Just finished S-rank tournament on Naruto Shippuden Ninja Staorm Revolution on PC. Now just to unlock a few more characters. Cool game, but the fighting system is a bit bland, it just looks cool but its slow doesn't have much dept to it. I think the Ultimate Ninja series on PS2 was a better Naruto fighting game. 
Why i'm playing this game? I was just curious about the Storm series, so i got it for cheap on Steam.


----------



## jesterscourt (Jul 9, 2019)

Kingdom Hearts 3.


----------



## Fates-Blade-900 (Jul 9, 2019)

Fire Emblem: Genealogy of The Holy War, it was extremely hard to get to the ending, and took an extremely long time. Gameplay time for the record: 109:17+ (since I used save states and stuff.)


----------



## EmulateLife (Jul 14, 2019)

Castlevania Order of Ecclesia DS (injected on Wii U) 8.6/10 

After beating Bloodstained I wanted to beat the only Castle-Metroid-vania I hadn't beat. This was different as you go to a lot shorter areas but a lot more of them. However towards the end it's more of a traditional Castlevania game.

--------------------- MERGED ---------------------------



RaptorDMG said:


> I completed Half Life for the first time last week



This is actually #1 on my list to beat now after Order of Ecclesia. I have played some of it I think I'm on level 6 or so. Only Half Life I haven't beaten.


----------



## MrCokeacola (Jul 16, 2019)

Brothers in Arms Hell's Highways it ran much better on the Xbox One then when I played it on PS3. Still a rough game.


----------



## Hardline (Nov 7, 2019)

Luigis *Mansion* 3


----------



## Taleweaver (Nov 9, 2019)

My last completed game is a little mobile puzzler called inbento. Bought it because their previous game (golf peaks) was awesome. This one was merely 'very good', but still very worth playing if you like the genre.


----------



## supernintendo128 (Nov 12, 2019)

I beat Luigi's Mansion 3 last weekend. It was a delight from start to finish.


----------



## Hardline (Nov 21, 2019)

Resident evil Zero on switch
but i beat it on Gamecube too
great game.. i dont like the new game style like 5.6.7 mm..
I hope resident evil 3 nemesis come to switch


----------



## AtsuNii (Dec 5, 2019)

Right now it is Iron Snout on Xbox One, however, that will change soon I guess seeing that we might finish another game soon.


----------



## Uiaad (Dec 5, 2019)

Last game I finished 100% - Everything unlocked, nothing left to do - Enter the Gungeon. I was actually very disappointed that i'd finished it and there wasn't any more challenges left.
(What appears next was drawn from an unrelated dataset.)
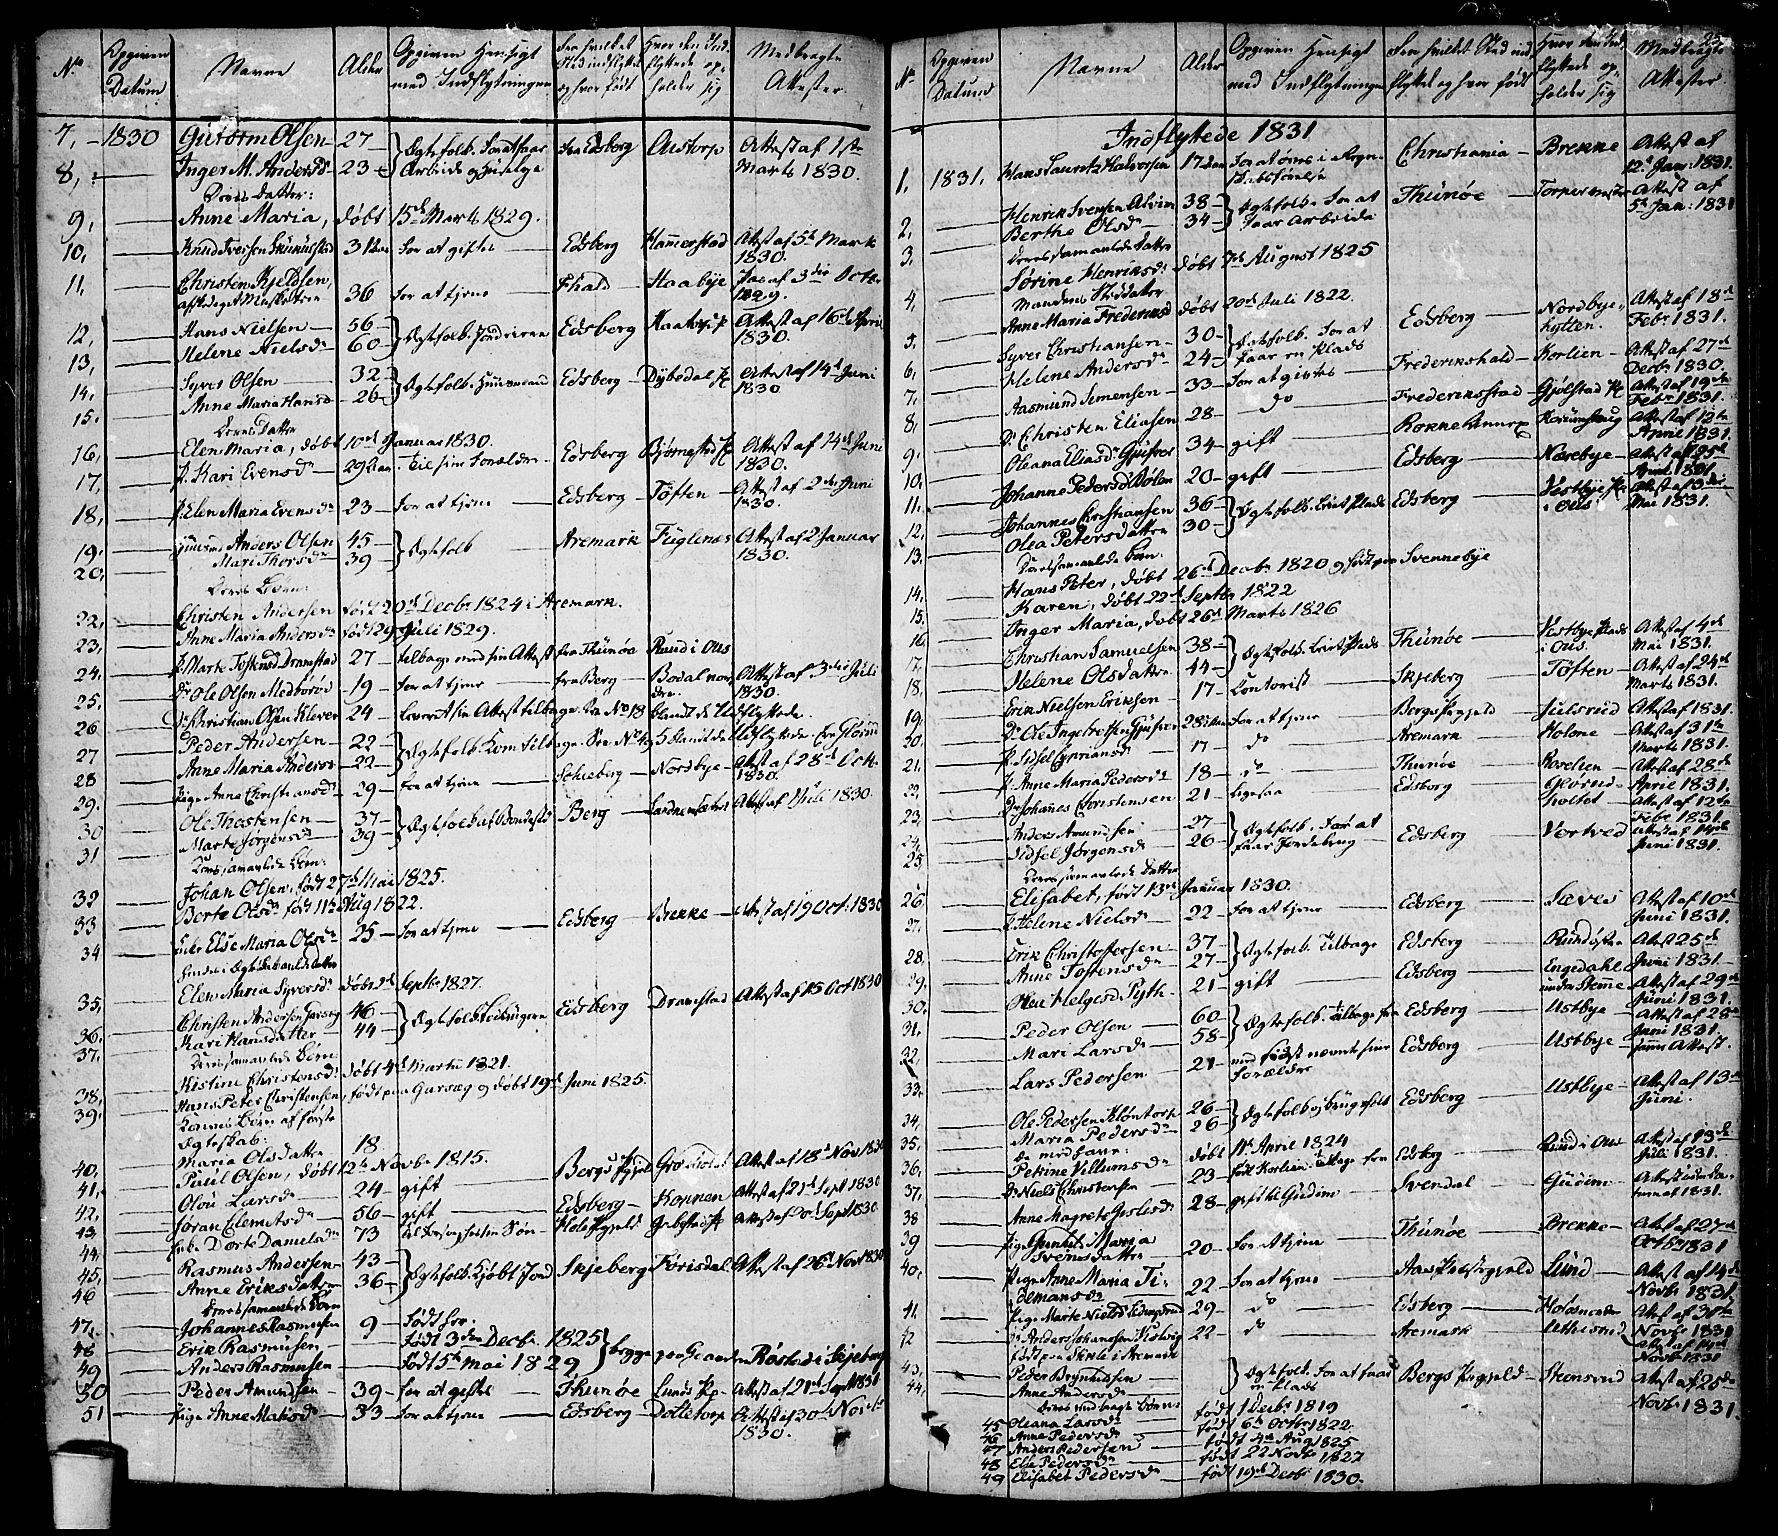 SAO, Rakkestad prestekontor Kirkebøker, F/Fa/L0007: Ministerialbok nr. I 7, 1825-1841, s. 253

This was the from the last ETG steam I did but was before I had it completed 100%. To be honest I really miss the challenge this game offered.


----------



## Deleted User (Apr 30, 2021)

Just finished my 4th game in April.

Persona Strikers PC (probably going to end up being my game of the year)
Gears 5 PC
Devil May Cry 5 PS4

and today finished The Medium PC


----------



## fvig2001 (Apr 30, 2021)

Danganronpa V3. Am currently working on Baldur's Gate EE (already did the expansion pack of Bg1)


----------



## Louse (Apr 30, 2021)

beat rez direct assault again2000000 with the 'freed' ending
finished ikaruga with like 5000 deaths
beat fnf sky mod with peanut bf ending
metroid zm on hard in too much time


----------



## DaFixer (May 11, 2021)

Xenoblade Chronicles Definitive Edition, i really like this game.
On the Wii is was also very good!


----------



## Deleted User (May 11, 2021)

DaFixer said:


> Xenoblade Chronicles Definitive Edition, i really like this game.
> On the Wii is was also very good!



Is that a hard game?


----------



## DaFixer (May 11, 2021)

JustJay said:


> Is that a hard game?


Not really, maybe to unlock everything.


----------



## Seliph (May 11, 2021)

Dark Souls 2! A bit wonky for sure, but still a great game. So many good and unique ideas were put into it that you don't see in any other soulsborne games. Graphically, many areas of the game still look gorgeous and I think the lore and themes of this game are super interesting, even when compared to other Dark Souls games. 

Gameplay-wise, Dark Souls 3 easily beats it, but Dark Souls 2 is a very fun little game that just needed a bit more polish and I think it could stand up to its sequel.


----------



## Julie_Pilgrim (May 11, 2021)

Celeste, amazing game, 9.9/10


----------



## BlazeMasterBM (May 13, 2021)

Ed Edd and Eddy The Mis-Edventures on GBA. It was fun. 


Scott_pilgrim said:


> Celeste, amazing game, 9.9/10


 Why 9.9? Why not the extra .1?


----------



## Julie_Pilgrim (May 13, 2021)

BlazeMasterBM said:


> Ed Edd and Eddy The Mis-Edventures on GBA. It was fun.
> Why 9.9? Why not the extra .1?


Giving a game a full 10 doesn't feel right


----------



## BlazeMasterBM (May 14, 2021)

Scott_pilgrim said:


> Giving a game a full 10 doesn't feel right


nonsense


----------



## Chary (May 14, 2021)

Metal Gear Solid 1 and Twin Snakes. I'm glad I played 1 first, and while the PC version isn't perfect, it held up well. The game has aged beautifully too. It looks dated, but I think it works perfectly within its limitations for the era.


----------



## AncientBoi (May 14, 2021)

Hey, does solitaire count?


----------



## Julie_Pilgrim (May 18, 2021)

BlazeMasterBM said:


> nonsense


Idk what, but there's just one tiny thing holding Celeste off from being a 10 for me


----------